When I buy a gadget, my philosophy is that I better be happy with what I get and software upgrades are a bonus. I would certainly like them to improve the PLC's most irritating issues, but even if they never do, I am glad I have it.
 
I haven't heard from Tim, but to be fair I prefaced my big bug report with, "this isn't a complaint, I am just trying to help, and I don't need a point by point reply." I didn't want to sound like an angry customer, because I'm not. If they actually evaluate the material I sent, that is all the thanks I need.

I do think they can save themselves effort by investing a little time into things like writing a manual... Just a page, even. I had to ask a question on the forum about something really basic, which turned out to require an invisible button press... Write that stuff down once and send it with the unit, instead of fielding questions over and over, ya know? But I think they are more focused on welding than software. Can't blame them if that's where the money is.

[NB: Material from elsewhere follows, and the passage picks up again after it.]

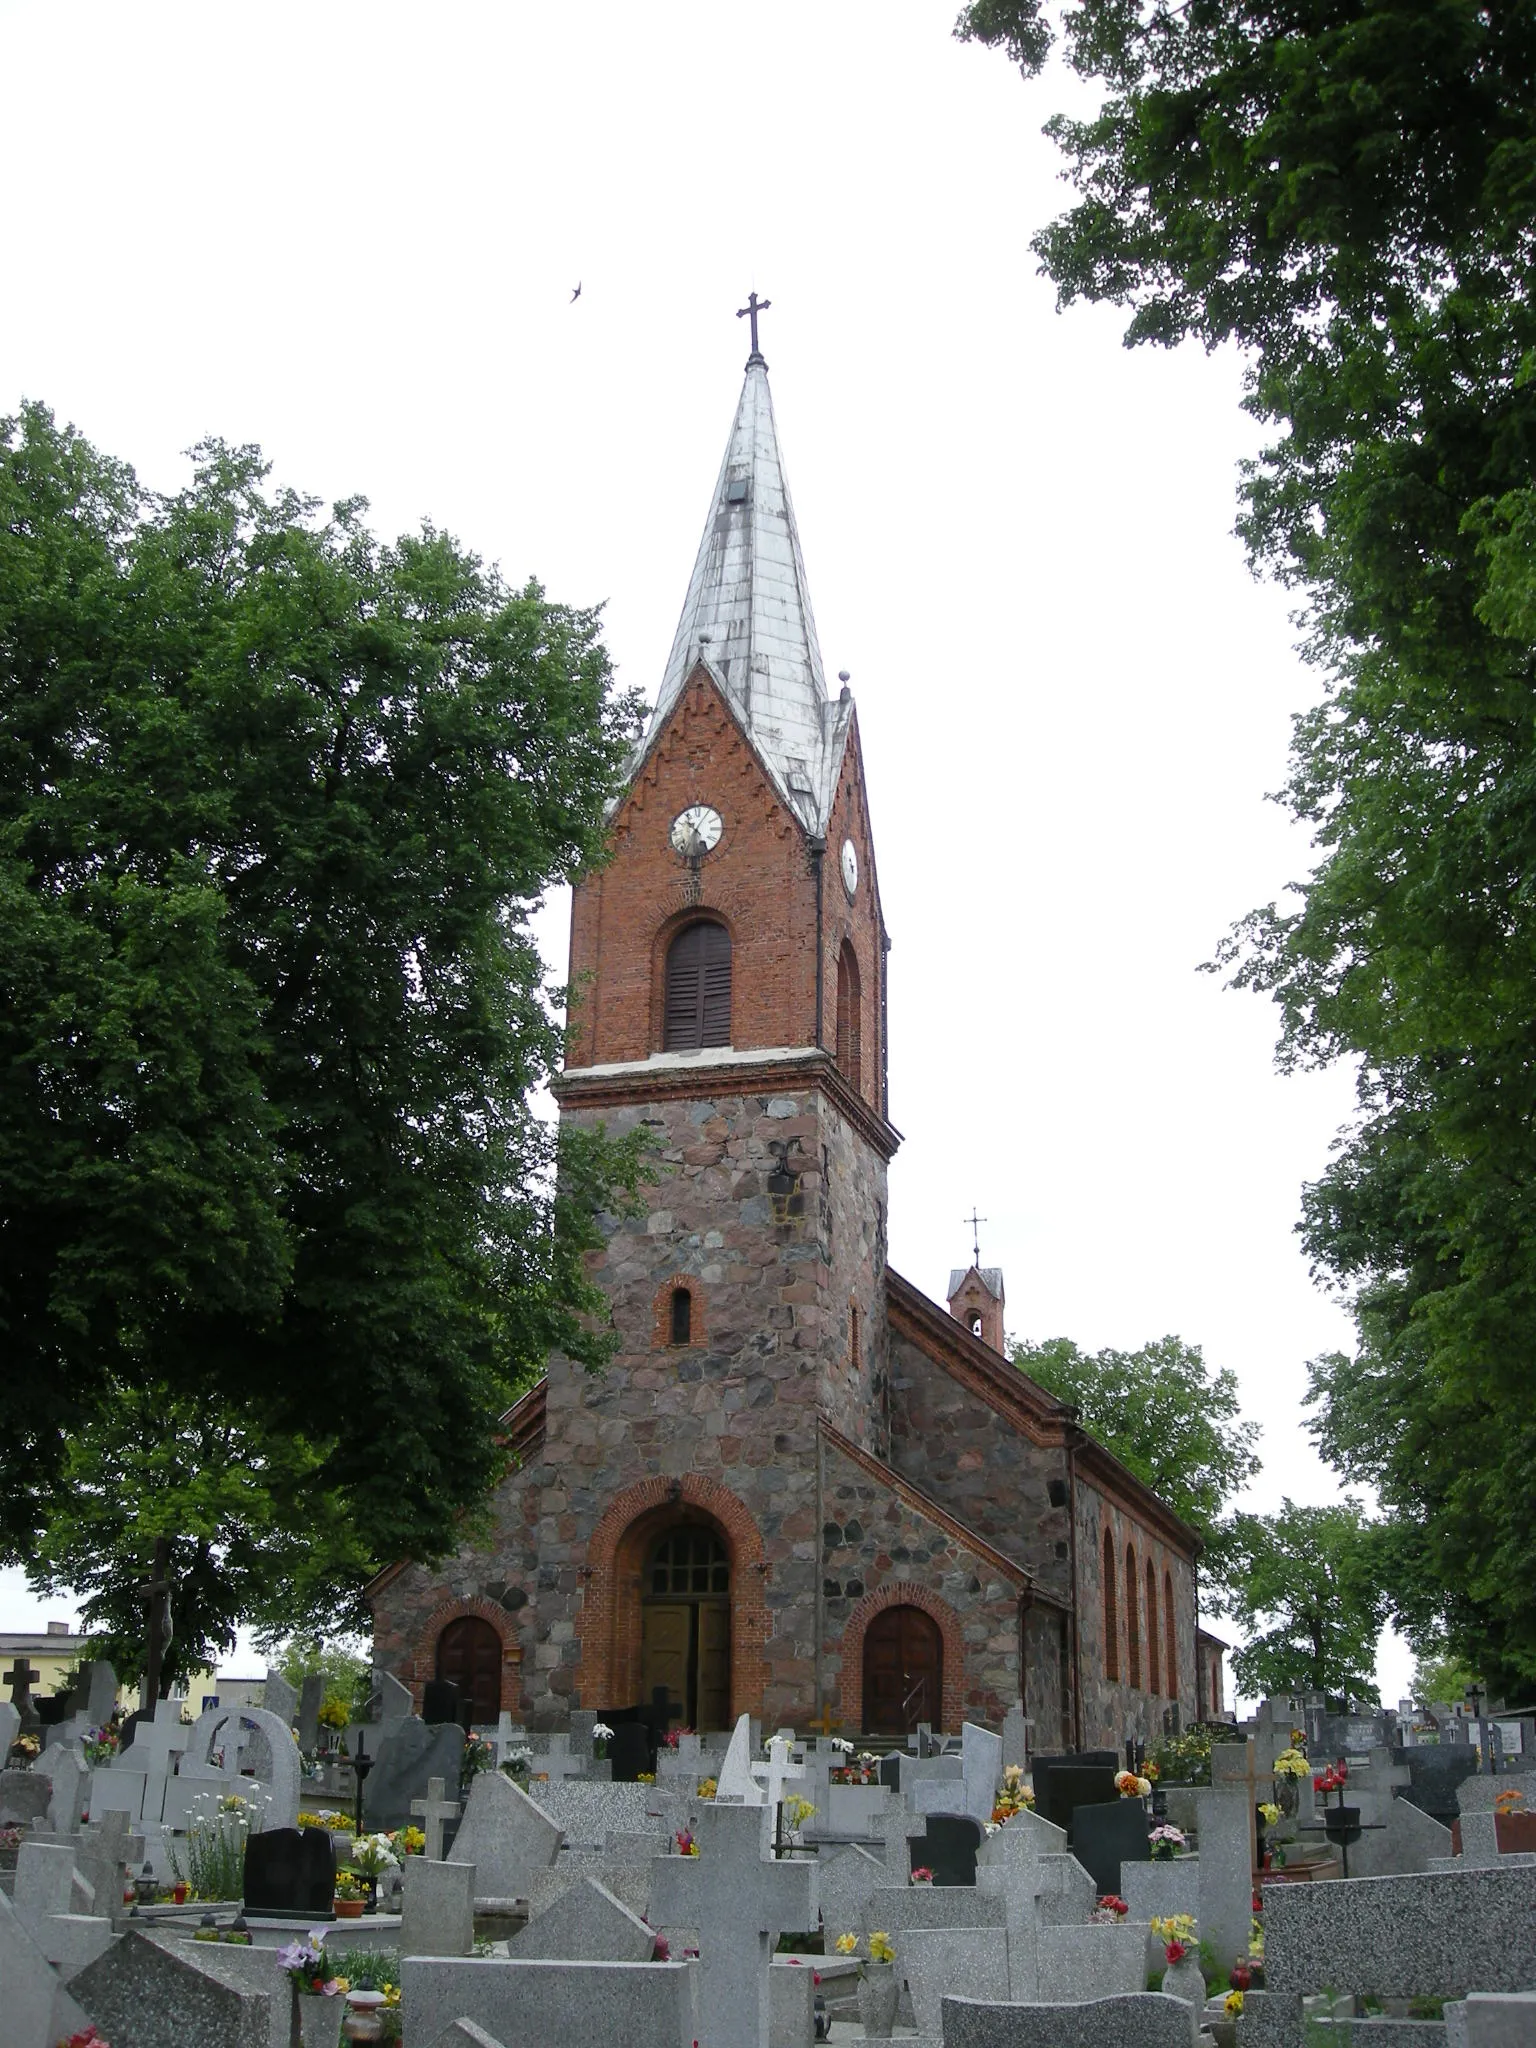 Photo showing: The church in Lubiewo, Poland.

On their official forums I did suggest making an official release thread listing changes, and an official bug reporting thread. No nibbles on either. They may be reluctant to do things like that because a few loud customers could cost them a lot of time, or even generate ill will if that time isn't invested. I understand the challenges, having worked in similar circumstances.

When I buy a gadget, my philosophy is that I better be happy with what I get and software upgrades are a bonus. I would certainly like them to improve the PLC's most irritating issues, but even if they never do, I am glad I have it.


Such logic.
 
anyone received their COBS with the touch screen panel? I'd be interested to hear how it works. After using my system for a year, there are one or two things I wish I'd done differently. Didn't have the option for the touchscreen when I ordered, but I'm not sure I would have gone that way anyhow.

I have a "Down Under" on order. What would you have done differently besides the touchscreen? I didn't go with the touchscreen, I like the simplicity of manual controls.
 
I have a "Down Under" on order. What would you have done differently besides the touchscreen? I didn't go with the touchscreen, I like the simplicity of manual controls.

I had them build a track on mine similar to the bigger systems that they make, that way I can slide the mash basket away from the kettle and lower it onto the ground. It works great (one I added counter weights), but the only downside is that you have to remove all of the fittings in order to get the kettle off of the stand. Makes clean up a little tough.